Personal information
- Full name: Richard Florence O'Kelly
- Date of birth: 8 January 1957 (age 69)
- Place of birth: West Bromwich, England
- Height: 5 ft 10 in (1.78 m)
- Position: Forward

Youth career
- Alvechurch

Senior career*
- Years: Team / Apps / (Gls)
- 1979–1986: Walsall / 204 / (56)
- 1986–1988: Port Vale / 28 / (4)
- 1988: Walsall / 12 / (1)
- 1988–1989: Grimsby Town / 39 / (10)
- Total:  / 283 / (71)

Managerial career
- 2012: Hereford United

= Richard O'Kelly =

English footballer and manager (born 1957)

Richard Florence O'Kelly (born 8 January 1957) is an English former footballer turned manager.

He began his career at Walsall in 1979, as they won promotion into the Third Division in 1979–80, where they remained for his next six seasons at Fellows Park. During that time, he scored 56 goals in 204 league games. He was sold to Port Vale for a £6,000 fee in July 1986, before returning to Walsall on a free transfer January 1988. Helping the "Saddlers" to win promotion via the play-offs, he moved on to Grimsby Town before retiring due to injury the following year.

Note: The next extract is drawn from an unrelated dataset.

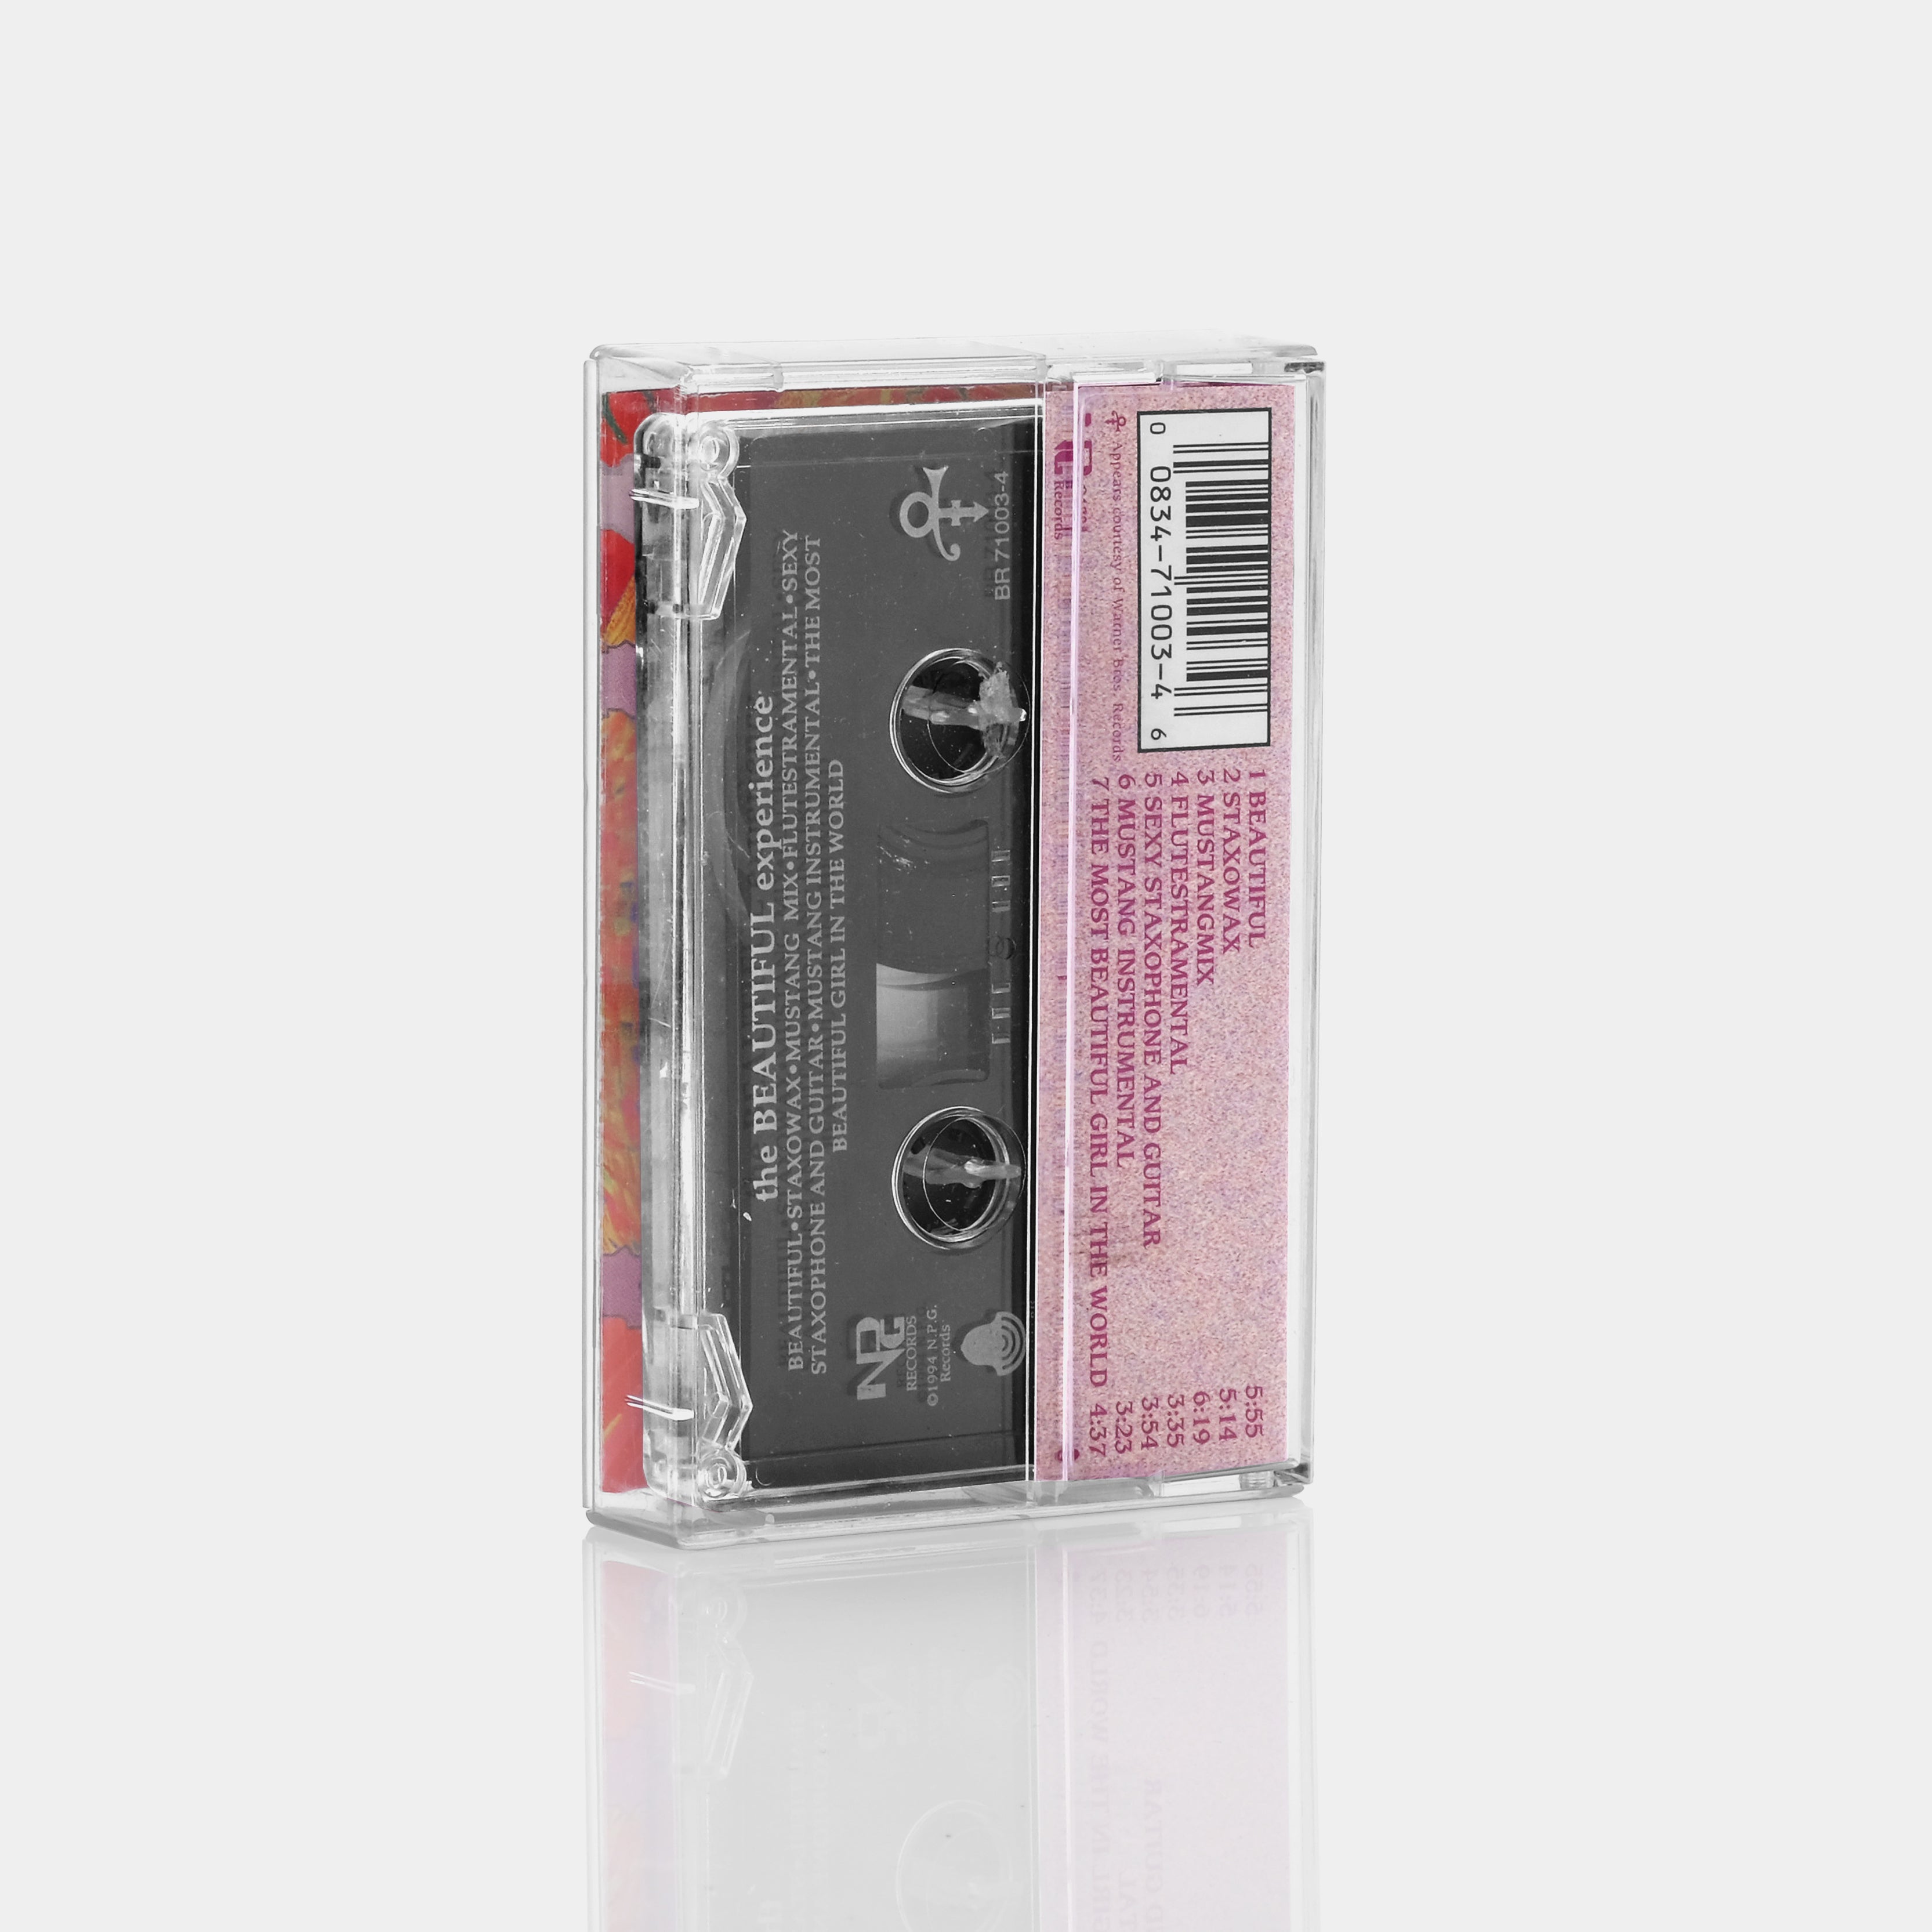 The Artist (Formally Known As Prince) - The Beautiful Experience Cassette Tape

After retiring due to injury in 1989, he took up coaching and has served as the assistant manager at Hereford United, Bournemouth, and Doncaster Rovers. He became a manager for the first time with Hereford United in March 2012 but quit the post two months later after the "Bulls" were relegated out of the Football League. He immediately returned to the number two role at former club Walsall before following manager Dean Smith to Brentford in November 2015.

==Playing career==
===Walsall===
O'Kelly started his career with Alvechurch before moving into the English Football League with Walsall in 1979 after being signed by manager Alan Buckley. The "Saddlers" were promoted into the Third Division as Fourth Division as runners-up in 1979–80, two points behind champions Huddersfield Town. Walsall retained their third-tier status in 1980–81 by finishing one place and one point above the drop zone. They came even closer to relegation in 1981–82, finishing ahead of relegated Wimbledon on goal difference. They then improved, finishing tenth in 1982–83, before finishing sixth in 1983–84, eight points behind promoted Sheffield United. However, Walsall dropped to eleventh in 1984–85, and O'Kelly was the club's top scorer with 18 goals. They finished sixth in 1985–86, nine points behind promoted Derby County. In his seven years at Fellows Park, he made over 200 appearances, with a goal rate of one goal every four games.

===Port Vale===
In July 1986, the cultured striker joined fellow West Midlands and Third Division side Port Vale for a £6,000 fee. His Vale Park career started with a bang as he scored on his debut in a 2–2 draw at Middlesbrough on 23 August 1986. After playing the next three matches, he was struck down with an injury to his knee ligaments, which required an operation the following January. Sidelined for the rest of the 1986–87 season, he returned to the first-team at the beginning of the 1987–88 season, and scored three goals in 22 appearances.

===Return to Walsall===
In January 1988, John Rudge allowed him to return to Walsall on a free transfer. The club won promotion at the end of the 1987 season under Tommy Coakley's stewardship, beating Bristol City 4–0 in the play-off final. He then joined former manager Alan Buckley at Fourth Division Grimsby Town, as the "Mariners" posted a ninth-place finish in 1988–89; O'Kelly finished his playing career in 1989 following a bad injury sustained playing for Grimsby in an encounter with Doncaster Rovers.

==Management career==

===Coaching===
After finishing his playing career, O'Kelly worked as Port Vale's community officer from August 1990 to May 1991 before returning to Blundell Park as a youth team coach. He left Grimsby for the same position at West Bromwich Albion in 1994. He spent seven years at The Hawthorns as a youth team coach and then six months at Aston Villa before joining Hereford United in 2002 as assistant manager to Graham Turner.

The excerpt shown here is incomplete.